When Jane Nicholson of Crannagael House was handed a letter by the postman on one of his usual rounds two weeks ago, she could hardly believe her eyes.
The unassuming little white letter had no postage stamp on it, but carried the date ‘9 AUG 1957’. It was addressed to ‘Mrs Nicholson, Crannagael, Annaghmore, Portadown’.
It was soon discovered that ‘Mrs Nicholson’ did not refer to Jane, but to her husband John’s grandmother, Susan.
Jane deciphered the address of origin as Quintinmanus, Newmills, outside Dungannon in County Tyrone.
Despite being only twelve miles up the road by car, the letter had taken a massive 66 years to finally arrive at its destination at Crannagael!
Crannagael House is a picturesque Georgian property owned and occupied by Jane and John Nicholson, nestled deep in the Armagh countryside, just outside Annaghmore, with Nicholson’s having lived at Crannagael House since 1760.
Keen to know more, Jane shared the remarkable story on the Crannagael House Facebook page, which she operates.
She had discovered that the letter, which spanned four pages, was from a Sarah Irwin who was responding to Susan Nicholson, thanking her for her condolences which had previously been expressed on the death of Sarah’s husband Chris.
The families had both made acquaintance whilst living in Vancouver, Canada, but had both since returned to live in Northern Ireland.
The story was discovered by family-friend Roy Allen – who helps to run the ‘County Tyrone in Photos’ Facebook group. Through the power of social media, Roy managed to trace the grandchildren of the woman – Sarah Irwin – who wrote the letter!
It was decided that both families would meet for the letter to be handed back to the Irwin grandchildren.
Sure enough, at 2pm on Friday, May 5, both parties came together, having never met before, to exchange age-old memories, family photos, and of course, the famous letter!
Present at the gathering, which took place, fittingly, in Crannagael House over a cup of tea, was Roy Allen, Jane and John Nicholson, and Sarah Irwin’s grandchildren, Carol Moore, Linda Black and Linda’s brother Chris. Armagh I‘s Scott Mann – myself – had the pleasure of being invited along.
Speaking to Armagh I on the day, Jane joked: “I was jolly excited to get a letter that was handwritten to Mrs Nicholson. It made me feel terribly grand!
“It was almost a bit disappointing when I realised it wasn’t for me, but the unfolding story has been far more interesting.
She added: “It’s been absolutely fascinating meeting up with them. I love family histories and they’ve come armed with all these photographs and to actually put faces to the names that are mentioned in the letter, it’s been absolutely surreal.

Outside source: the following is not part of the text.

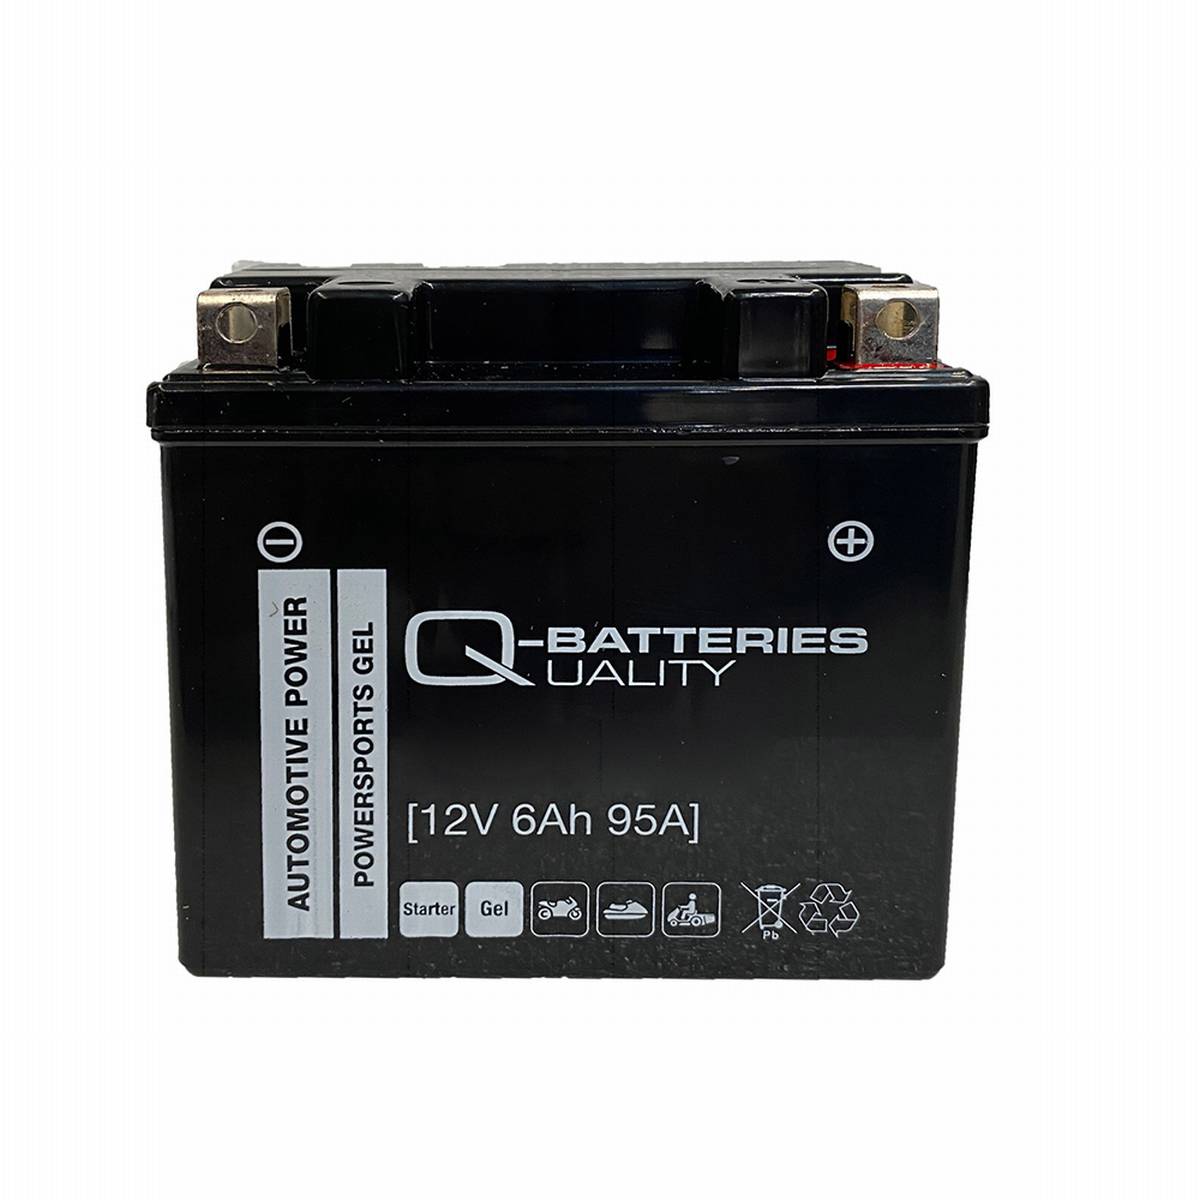 Q-Batteries Motorradbatterie 7-S Gel 57902 12V 6Ah 95A
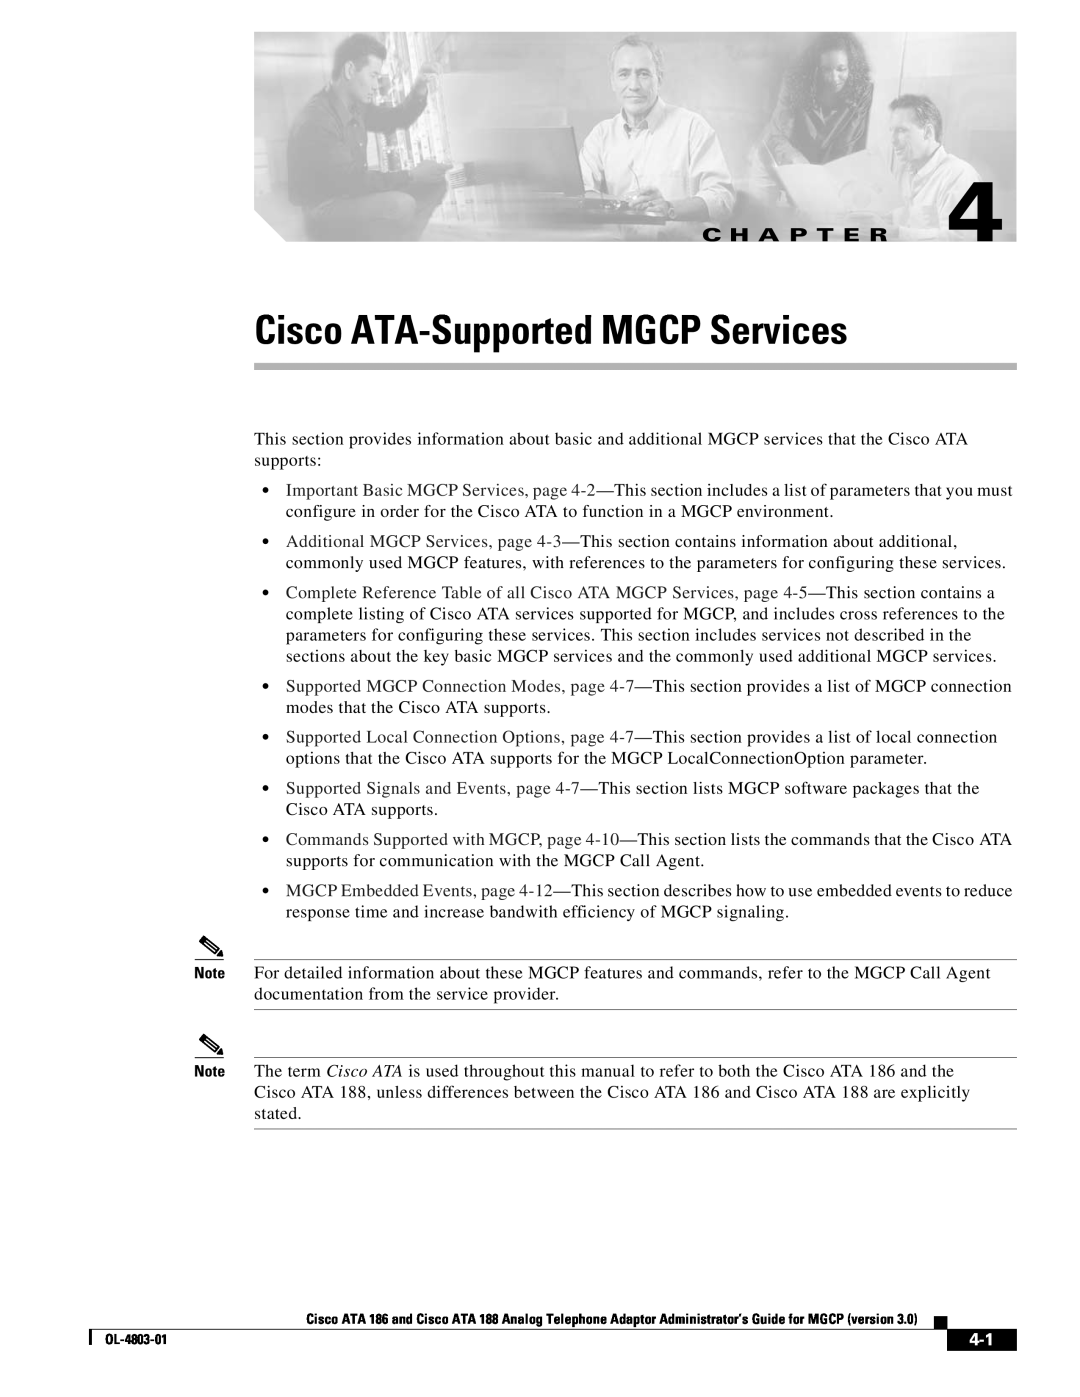 Cisco Systems ATA 188, ATA 186 manual Cisco ATA-Supported MGCP Services, C H A P T E R

“It’s just such a piece of social history. If it hadn’t have gotten lost all those years, it probably would have been destroyed and nobody would have known anything about it. All the threads and everything may have just been lost, but it’s just all come together.”
The letter was written from Carol Moore’s parents’ house, where Carol grew up.
Carol explained: “I thought initially that Jane had found the letter in the house…. then I rang Jane and she informed me that the letter was posted! I’m just astounded that this has turned up. It’ just so bizarre… I recognised my granny’s writing because she used to write letters to friends and families in Canada.
“Linda and Chris have photographs that I’ve never seen before so it’s been a joy to exchange the photographs and talk about our grandparents!”